- WHAT YOU WILL DO -
Please retype the data below line for line and leave out every picture.

- DATA EXTRACT -
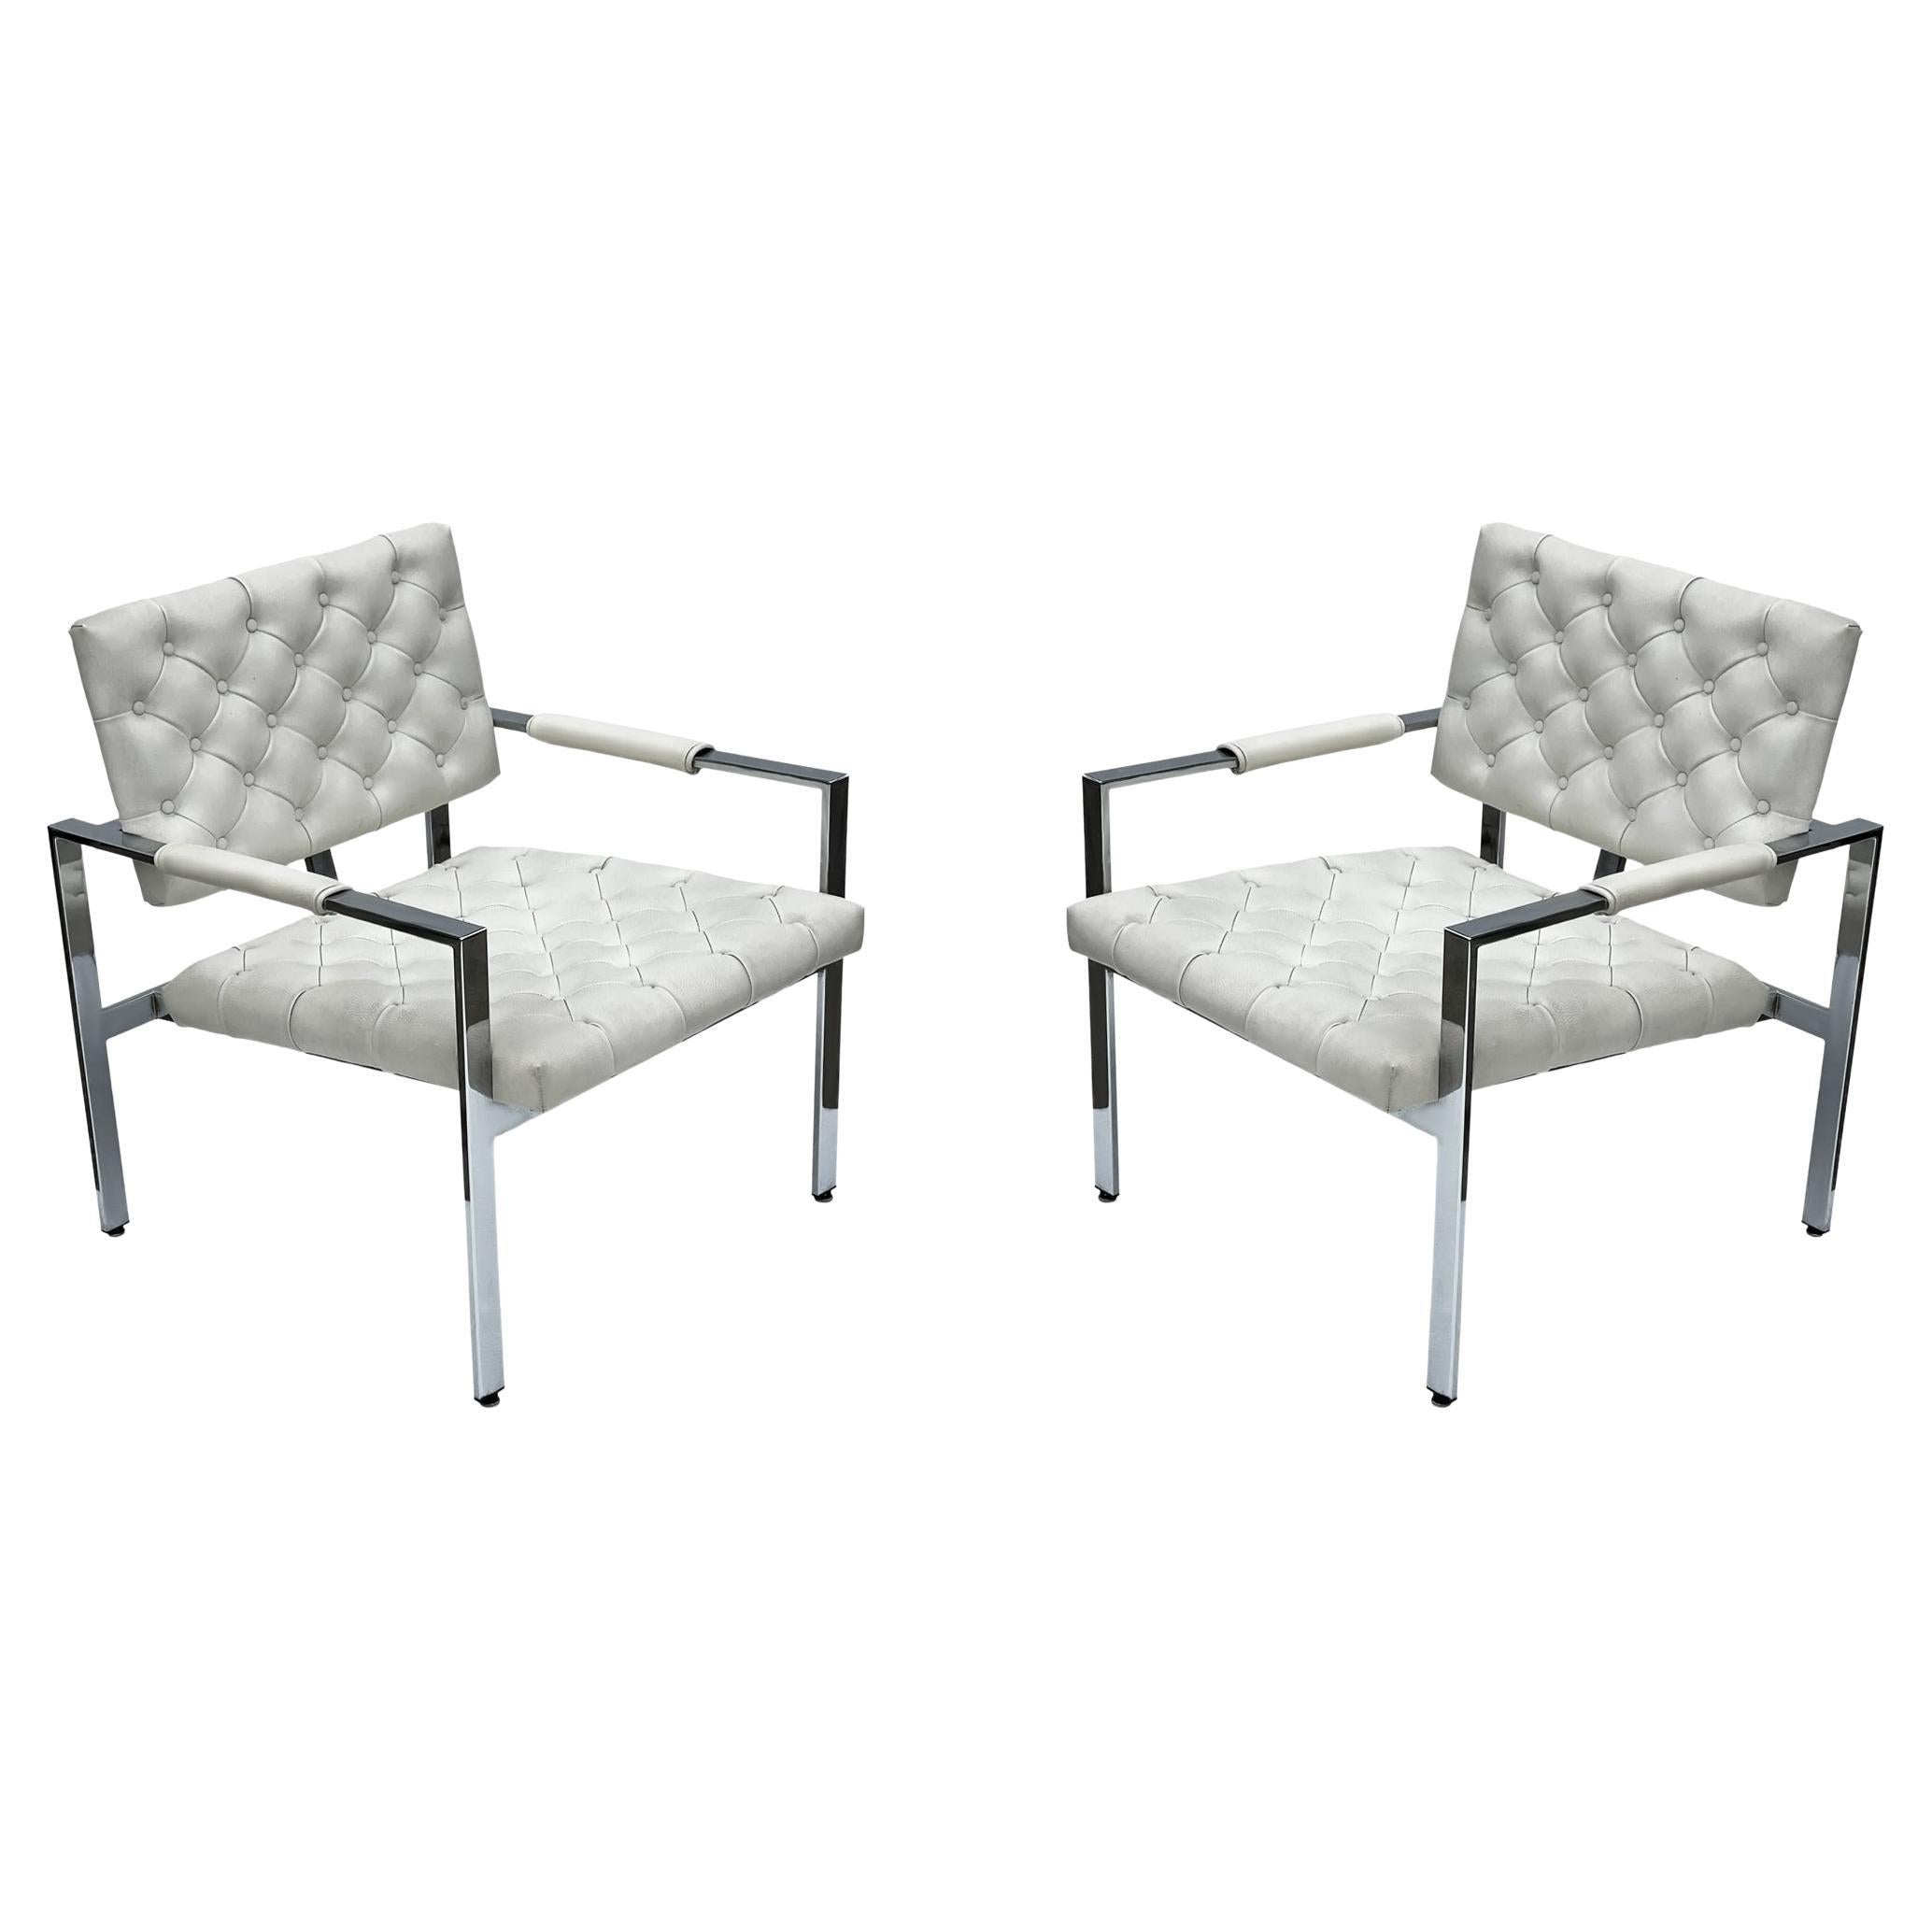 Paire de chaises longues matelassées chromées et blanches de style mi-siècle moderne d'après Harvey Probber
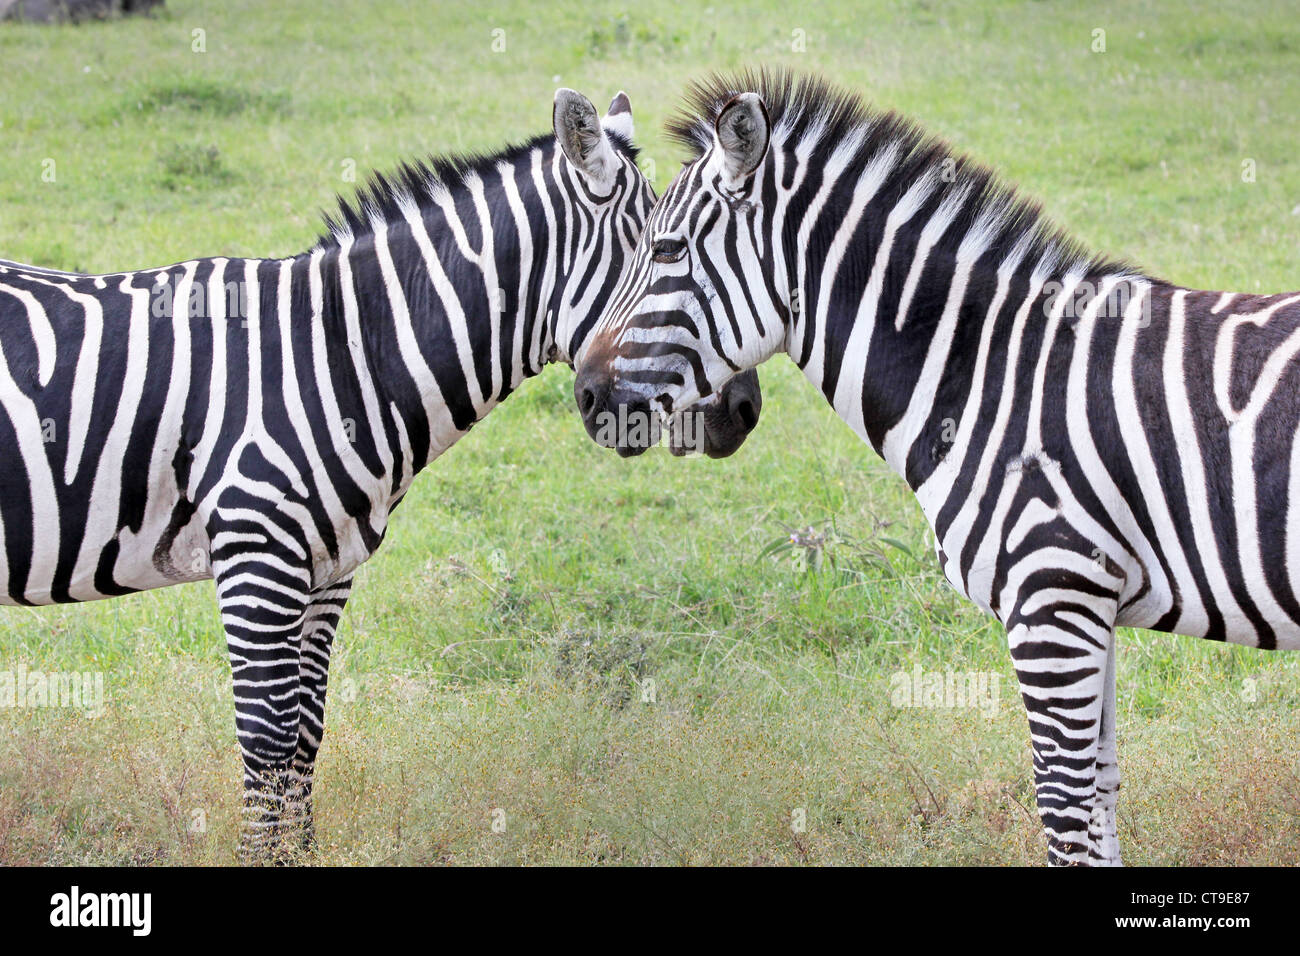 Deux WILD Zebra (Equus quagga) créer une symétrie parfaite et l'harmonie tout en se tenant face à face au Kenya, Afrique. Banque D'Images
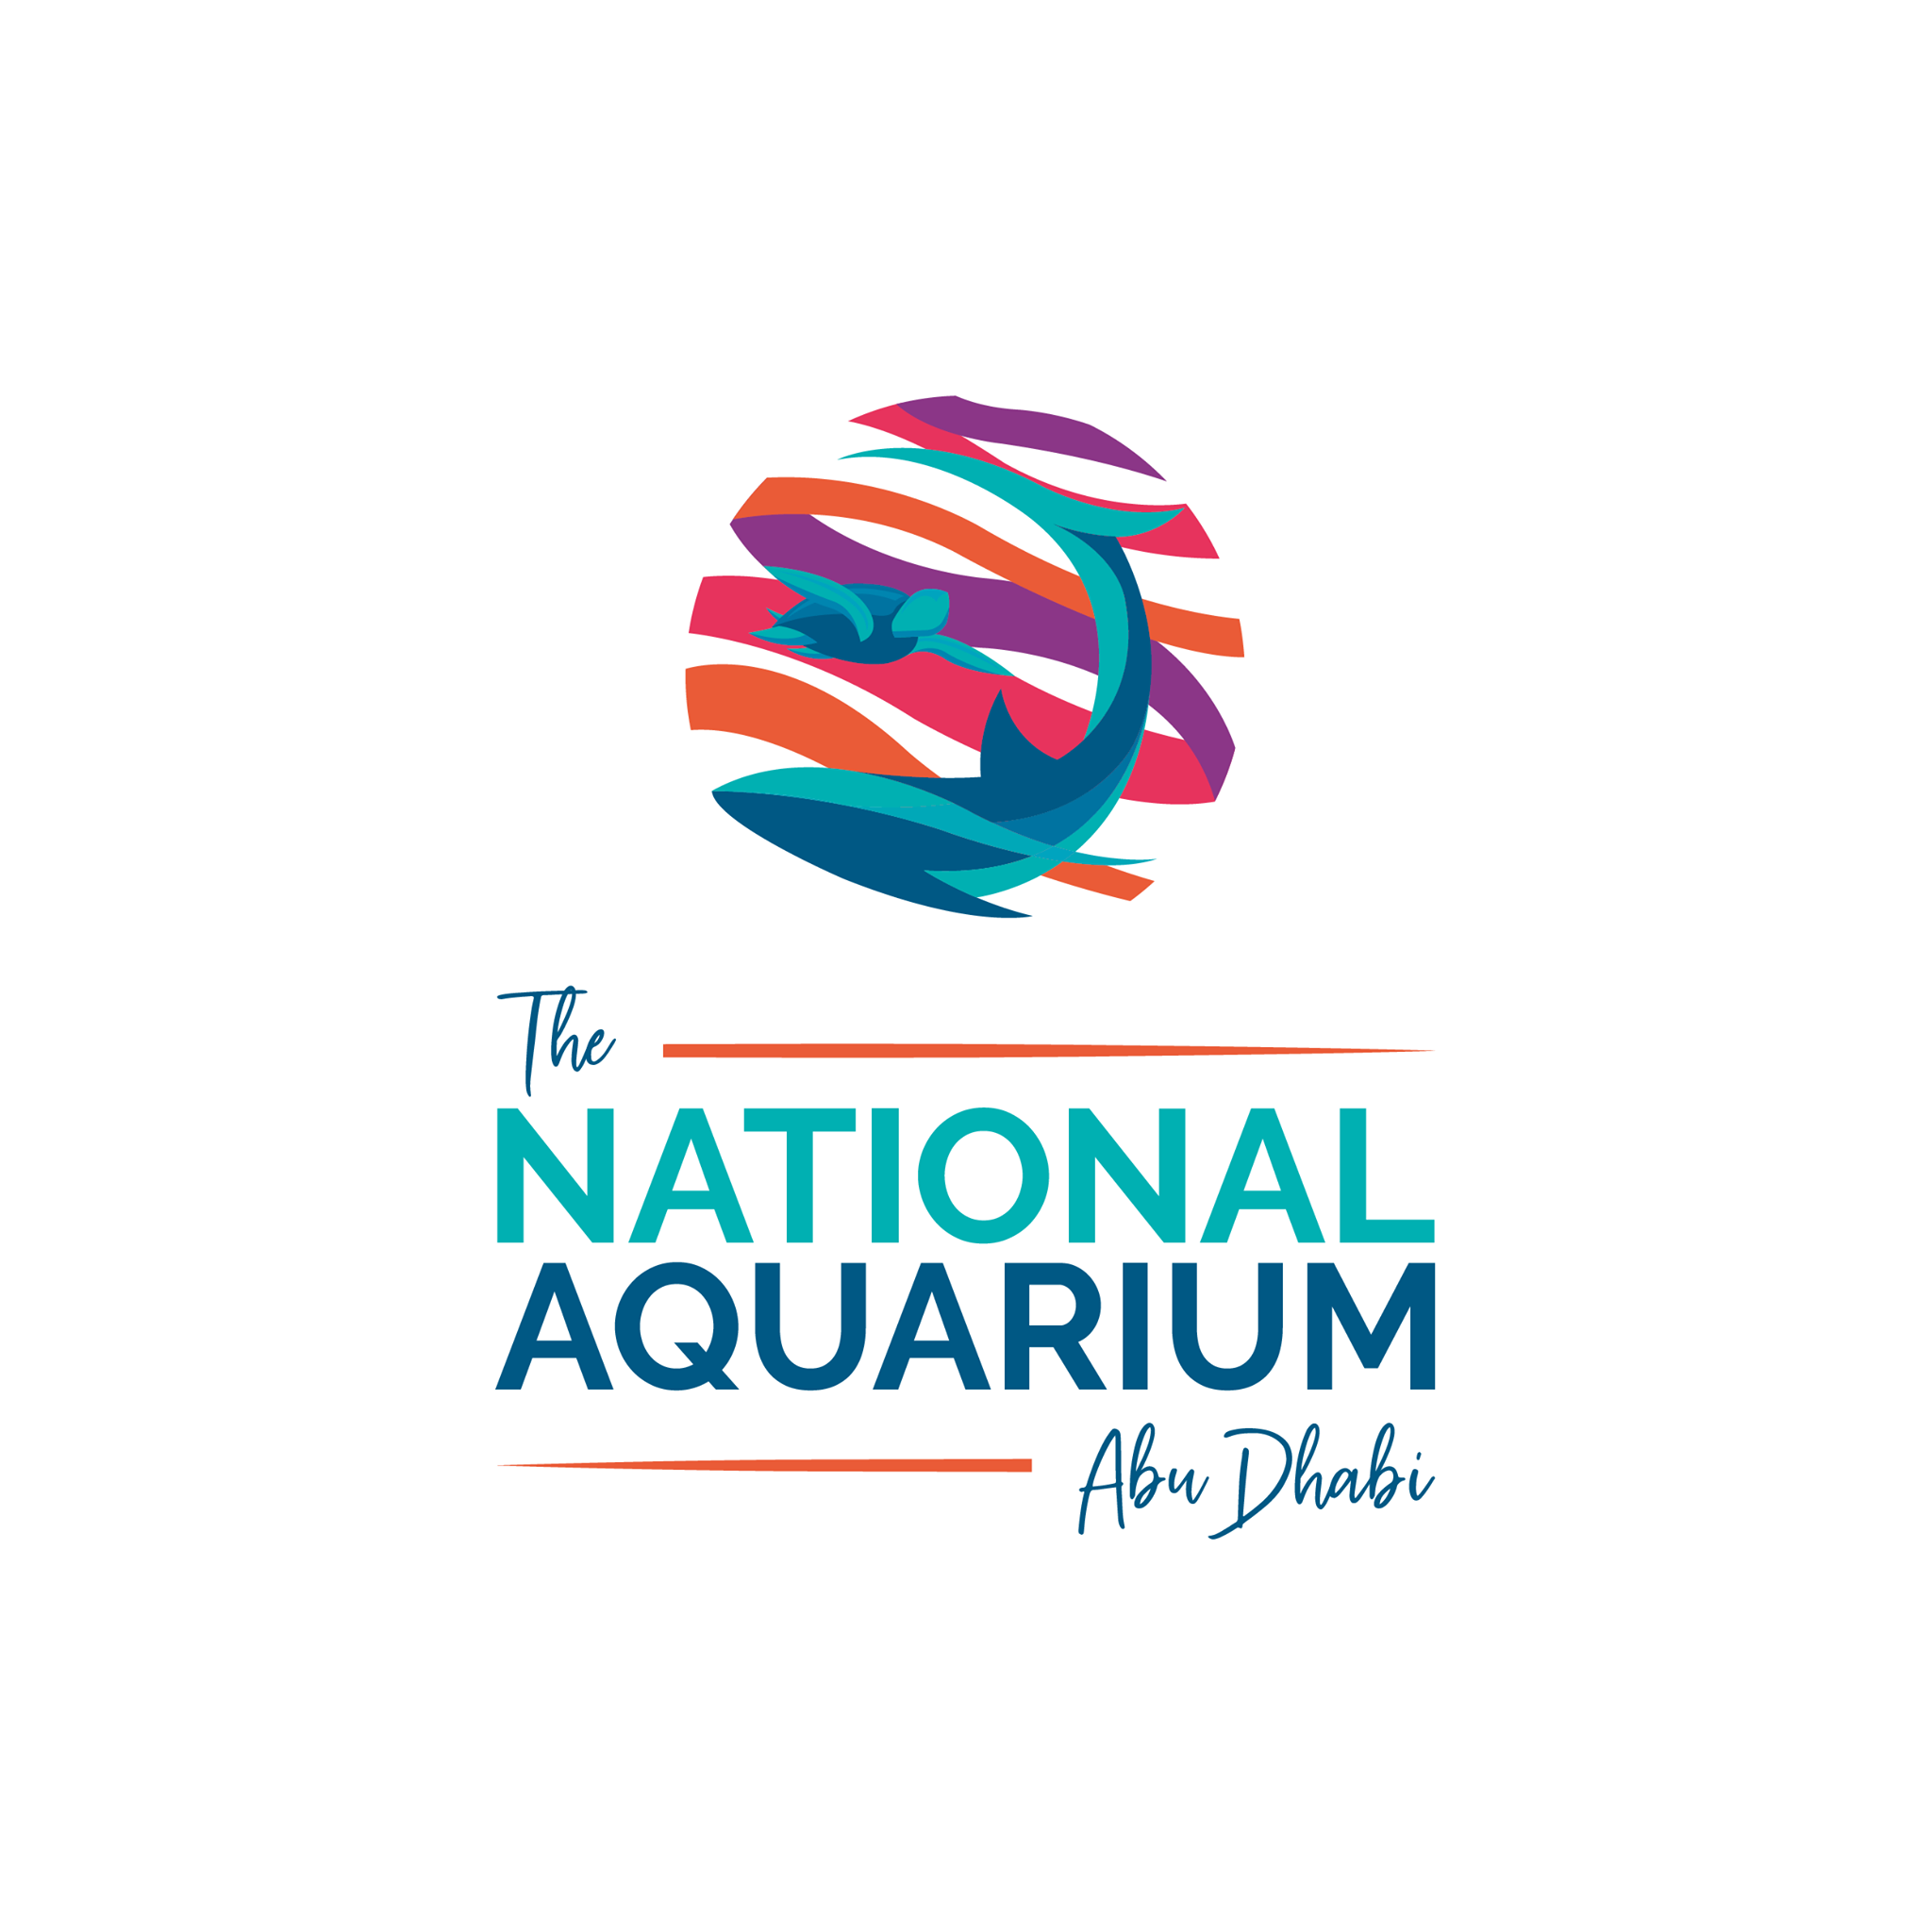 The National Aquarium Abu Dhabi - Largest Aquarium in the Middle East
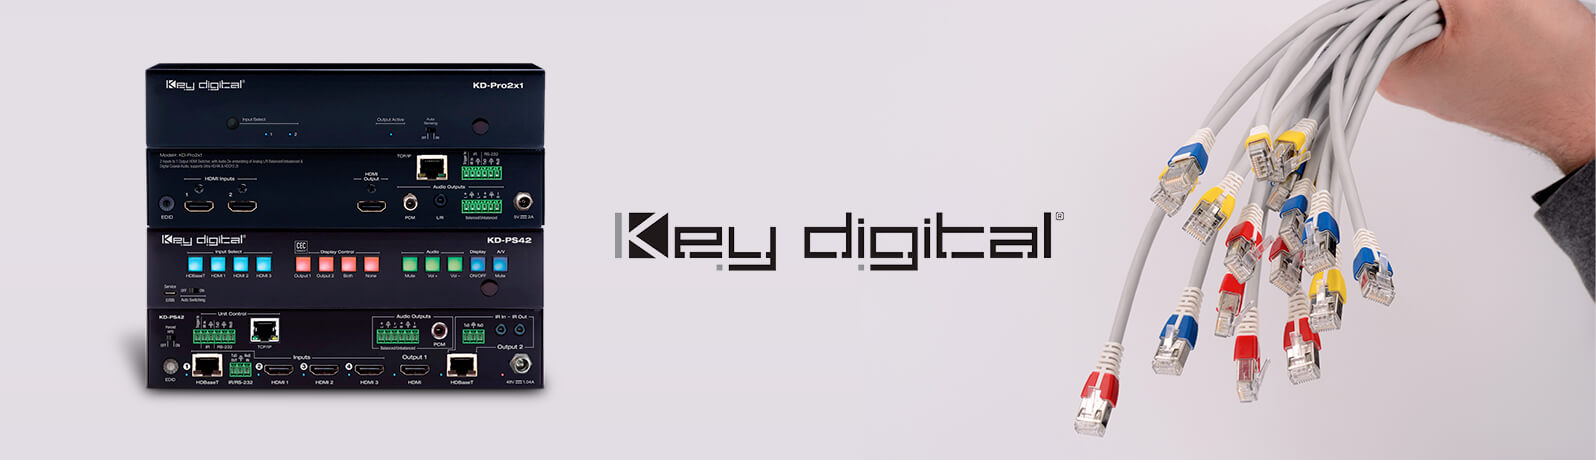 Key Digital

- ANSWER SECTION -
 Paire de chaises longues matelassées chromées et blanches de style mi-siècle moderne d'après Harvey Probber
 Deux WILD Zebra (Equus quagga) créer une symétrie parfaite et l'harmonie tout en se tenant face à face au Kenya, Afrique. Banque D'Images
 The National Aquarium Abu Dhabi - Largest Aquarium in the Middle East
 Key Digital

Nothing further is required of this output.